I need to reduce some nulls and peaks in my basement home theater. The room is an l-shaped room with an open stair to the rest of the house (cannot be closed off). I have my sub and speakers optimized after 8-10 hours of trial and error. Seriously, 8-10 hours, moved a few inches, measured, over and over. This is the best location without any absorbing/trapping material.

It certainly isn't optimal in terms of looks, but it is optimized so I can see the screen and not have speakers in the way. I can also still get to the kegerator, which is key.

17' on the theater screen wall, 24' on the inside wall (right from seating), outside sections are 12' each with the l portion being 6' deep (leaving the back wall, from seating position 11' wide). 

The main areas I am concerned about are a dip about 35 hz and 61.3 and the corresponding peaks around those dips. Smacks of room modes, but with the shape.. There is no way to get around all of the nodes in terms of placement, though they are minimized. 

So far I have some old DIY tube traps (fiberglass I compressed and put around a round frame) and some other absorbent material in the corner and on the wall where I measured peaks. With 4 20" tubes it made about 3-5db difference depending on what frequency I was measuring. Nowhere near enough, I need much more absorption and around specific frequencies. 

So the question is what next? I can sacrifice about 2' of the room where the sound peaks at the exact nulls. Membrane/panel resonators? Just go for very deep broadband absorbers?


----------



## fredk (May 14, 2008)

Broadband absorbers are most effective above 100 Hz. Although they absorb below this frequency, their efficiency drops off quickly.

I have spent a lot of time searching and there does not seem to be a lot of practical information on panel resonators.
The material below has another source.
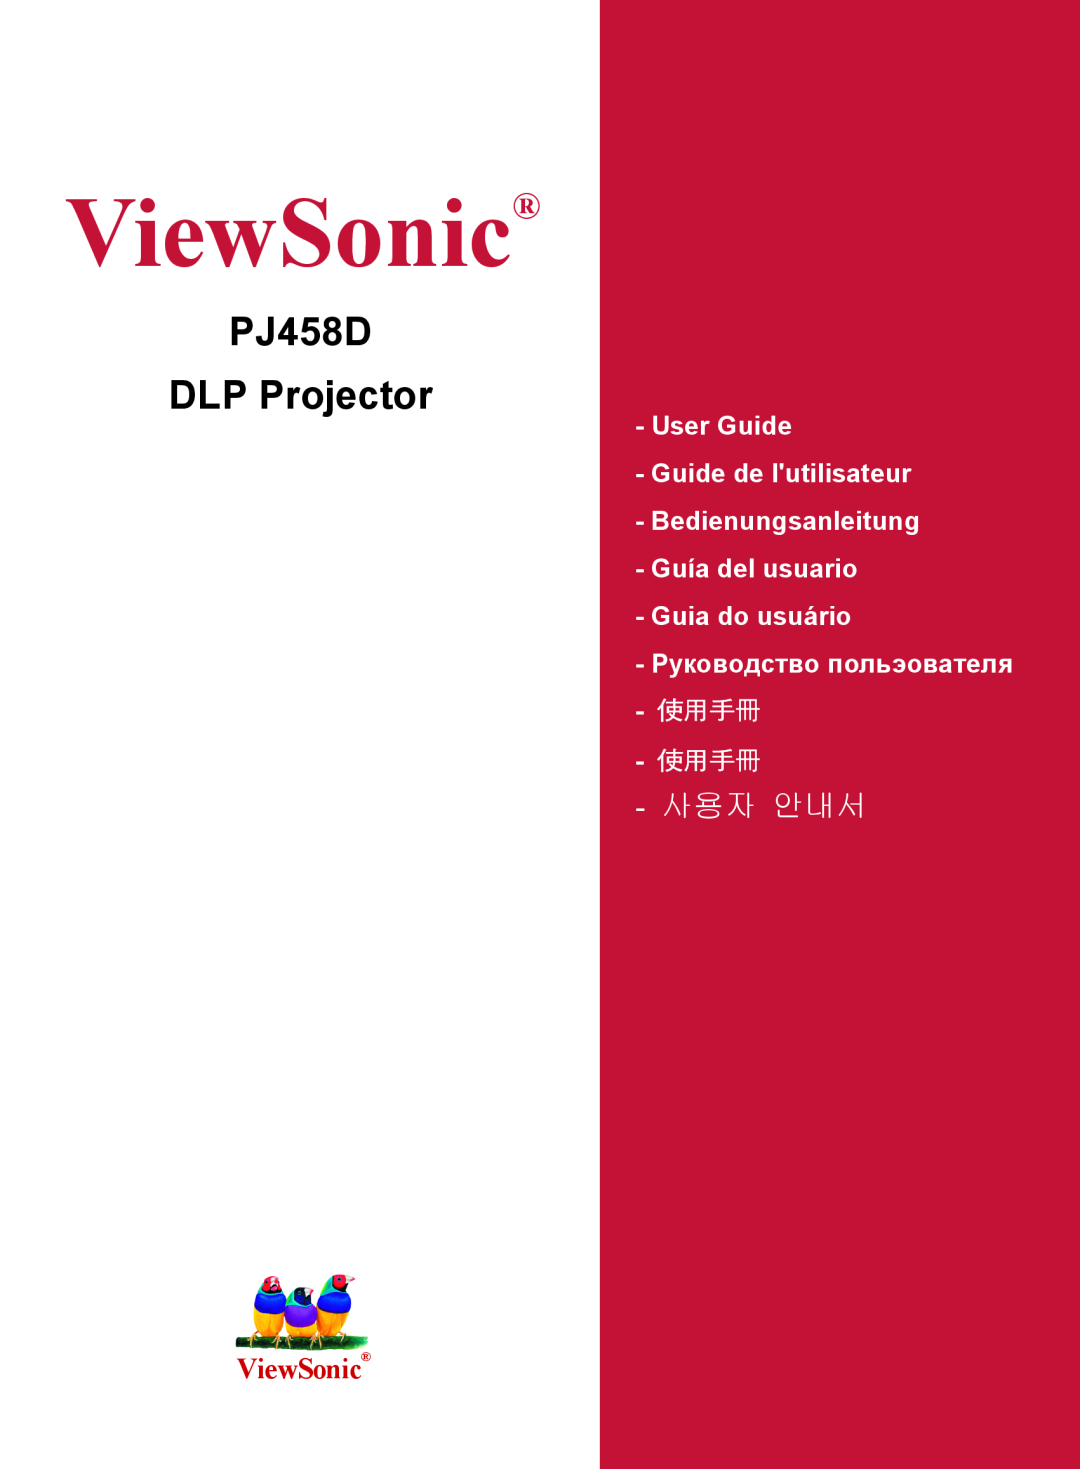 ViewSonic manual ViewSonic, PJ458D DLP Projector, 사용자 안내서, User Guide, Guia do usuário

It seems not a lot of people use them. I gather that they are not as efficient as other absorbers, but there is not complete agreement on this. Unfortunately, I have not been able to find anything that quantifies relative efficiency. The nagging question in my mind is how many of these might be needed to be effective for a given frequency band.

If you go to johnlsayers.com and search on their studio design forum, you will find some good threads on panel resonators.


----------



## bpape (Sep 14, 2006)

Above about 35Hz, your decay times look pretty good. You could certainly build some resonant panel type absorbers tuned around the 120hz issue if you know where in the room is causing the problem.

Bryan


----------